启动时检查：如果模型文件在指定路径不存在，应用会立即崩溃退出。这是“快速失败”原则的体现，防止一个处于无效状态的服务上线。
详尽日志：使用 Serilog 记录关键操作，并在出现错误时提供上下文。
健康检查：内置 /healthz 端点，供 Kubernetes 的 Liveness 和 Readiness 探针使用。
健壮的错误处理：Controller 层捕获了推理过程中的所有异常，并返回统一的 500 错误，避免了内部堆栈信息的泄露。

第二步：用 Packer 固化构建流程

有了应用代码，下一步就是将其与模型文件打包成一个 Docker 镜像。通常的做法是手写一个 Dockerfile，然后执行 docker build 命令。但这种方式在团队协作和自动化流程中存在问题：构建参数、版本标签、目标仓库等信息散落在脚本各处，难以管理和审计。

Packer 通过 HCL (HashiCorp Configuration Language) 语言，允许我们用声明式的方式定义整个镜像构建过程。这就像给镜像构建过程提供了“基础设施即代码”（IaC）的能力。

首先，一个优化的多阶段 Dockerfile 是必不可少的。它能确保最终的生产镜像只包含必要的运行时文件，体积更小，攻击面也更少。

Dockerfile

# Stage 1: Build the application
# Use the official .NET SDK image which contains all tools needed to build and publish.
FROM mcr.microsoft.com/dotnet/sdk:8.0 AS build-env
WORKDIR /app

# Copy csproj and restore as distinct layers to leverage Docker cache
COPY *.csproj ./
RUN dotnet restore

# Copy everything else and build
COPY . ./
# Publish the application, ensuring it's a release build and self-contained
RUN dotnet publish -c Release -o out

# Stage 2: Build the final production image
# Use the minimal ASP.NET runtime image
FROM mcr.microsoft.com/dotnet/aspnet:8.0
WORKDIR /app

# Copy the published application from the build stage
COPY --from=build-env /app/out .

# Copy the model file into a specific directory within the image.
# This assumes the model file is in a 'model' subdirectory of the build context.
COPY model/ ./model/

# Set the entrypoint for the container
ENTRYPOINT ["dotnet", "ImmutableInference.dll"]
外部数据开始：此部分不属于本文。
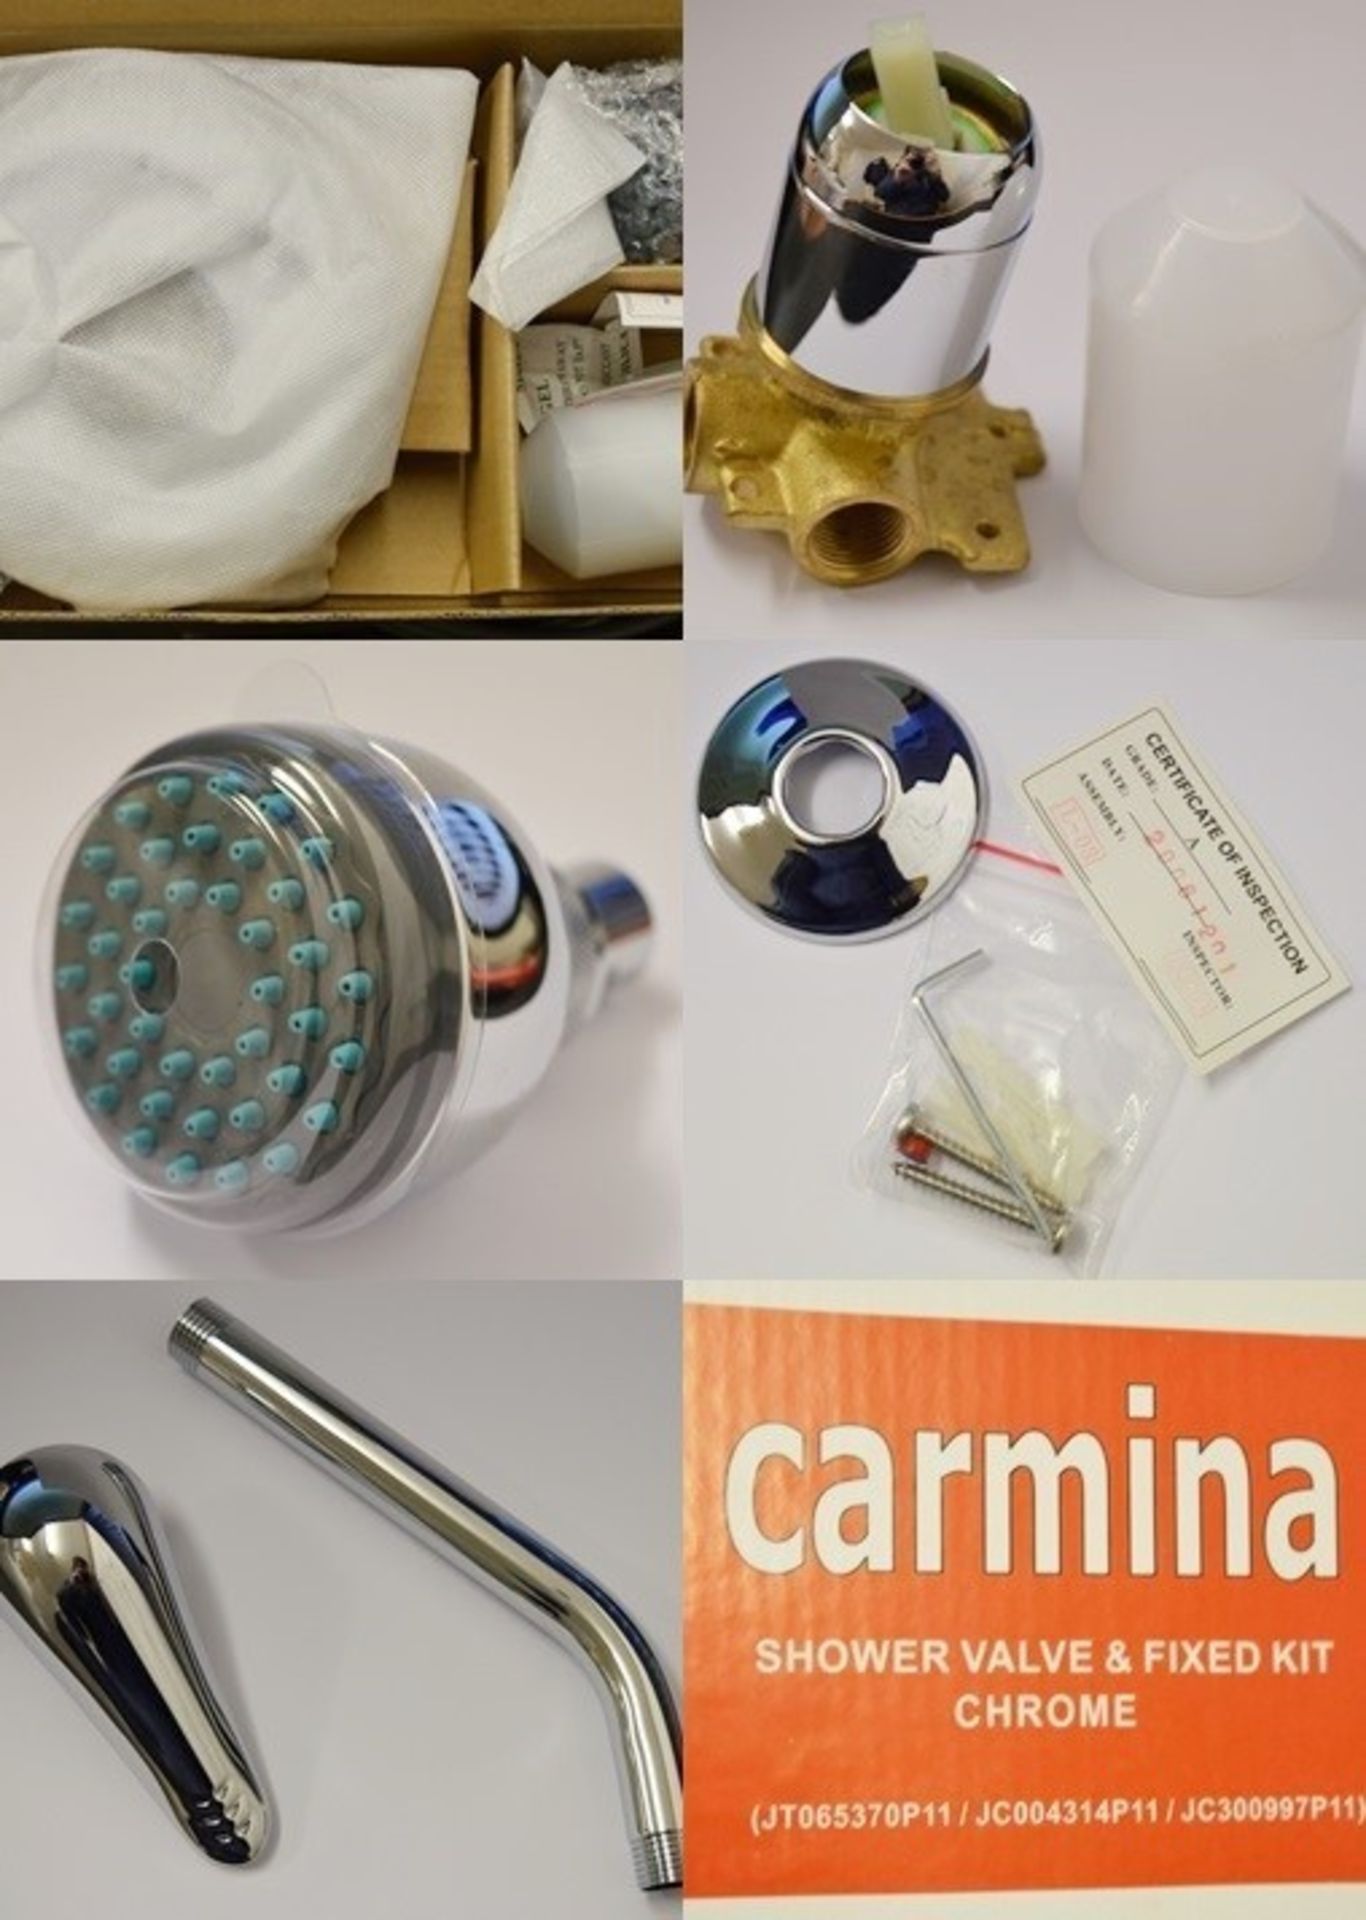 1 x Carmina Shower Valve Kit - Contains Chrome Shower Head, Fixed Arm and Manual Control - Brass - Image 2 of 16

接下来是 Packer 的配置文件。我们将使用 packer.pkr.hcl 来编排 Docker 的构建过程。

packer-build.pkr.hcl

packer {
  required_plugins {
    docker = {
      version = ">= 1.0.0"
      source  = "github.com/hashicorp/docker"
    }
  }
}

// Variables allow parameterizing the build. These can be overridden
// from the command line or CI/CD environment variables (e.g., TF_VAR_image_version).
variable "image_repository" {
  type    = string
  default = "my-registry/immutable-inference"
}

variable "image_version" {
  type    = string
  default = "0.1.0-local"
}

// A "source" block defines what kind of machine image to build.
// Here, we are using the "docker" builder.
source "docker" "aspnet-inference" {
  image  = "mcr.microsoft.com/dotnet/sdk:8.0" // Start with the build image
  commit = true                              // Commit the container to an image upon completion
  changes = [
    "WORKDIR /app",
    "ENTRYPOINT [\"dotnet\", \"ImmutableInference.dll\"]"
  ]
}

// The "build" block defines the steps to build the image.
build {
  name    = "aspnet-inference-service"
  sources = ["source.docker.aspnet-inference"]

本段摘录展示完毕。